I'm not a fan of mustaches on toys, but a fluffy face is so adorable. I vote growing him a teddy bear trim or keeping his face all clean.


----------



## Harley_chik (Nov 7, 2008)

He is irresistable no matter what but I'd like to see him w/ a mustache. You can always shave it or grow the rest out to a teddy bear later.


----------



## Olie (Oct 10, 2009)

Harley_chik said:


> He is irresistable no matter what but I'd like to see him w/ a mustache. You can always shave it or grow the rest out to a teddy bear later.
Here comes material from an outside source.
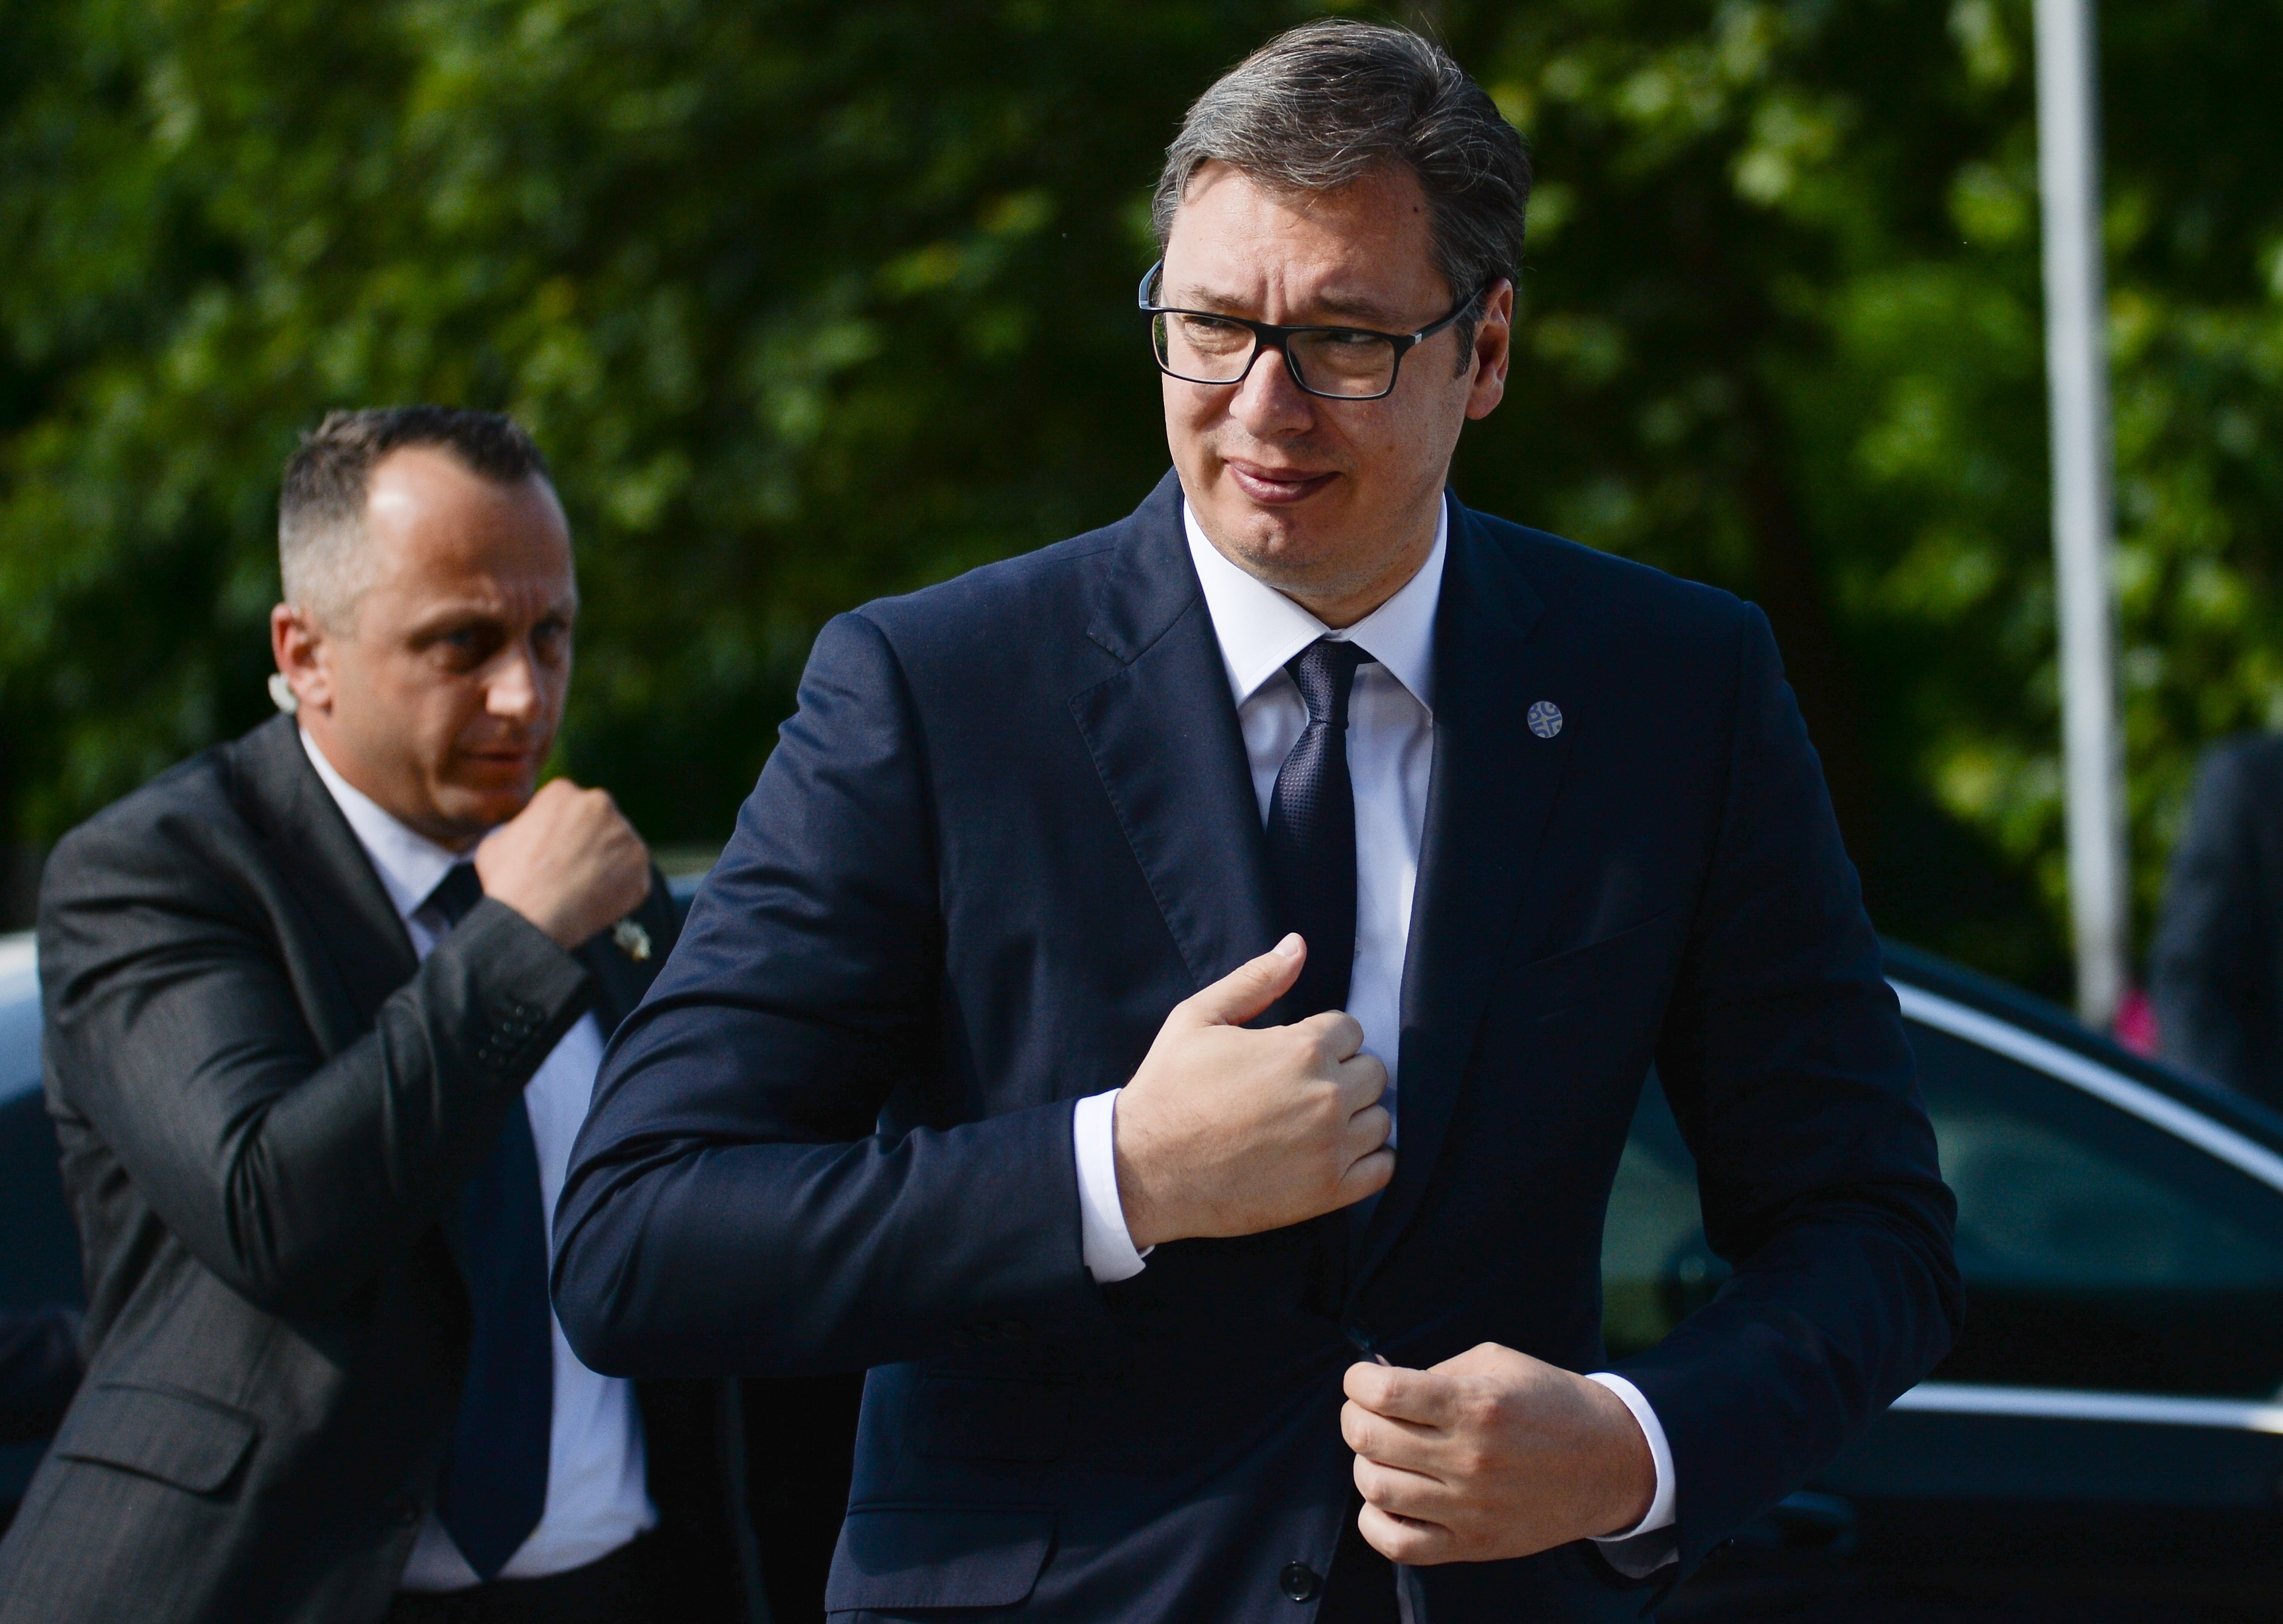 <p>Президент Сербии Александр Вучич.&nbsp;<span>Фото: &copy; РИА Новости/Алексей Витвицкий&nbsp;</span></p>

IA we are talking about Atticus!! He's a doll anyway you chose. I just LOVE the options like these with poodle hair styles!!


----------



## Poodle Lover (Mar 24, 2008)

I vote for a clean face or a fluffy one, but no stache. I don't like them on any size poodles.


----------



## wishpoo (Sep 12, 2009)

Poodle Lover said:


> I vote for a clean face or a fluffy one, but no stache. I don't like them on any size poodles.


Same here LOL


----------



## PaddleAddict (Feb 9, 2010)

Poodle Lover said:


> I vote for a clean face or a fluffy one, but no stache. I don't like them on any size poodles.


I agree!


----------



## *heather* (Jul 30, 2009)

I'm a clean face fan  but it grows back, whatever you decide, you can always change it!


----------



## Michelle (Nov 16, 2009)

I decided to give him one and it looks really cute!

He's going to the groomer next week to get into his summer cut and ill have his face shaved clean then, just wanted something a little different


----------



## puppylove (Aug 9, 2009)

Well, let's see pics!


----------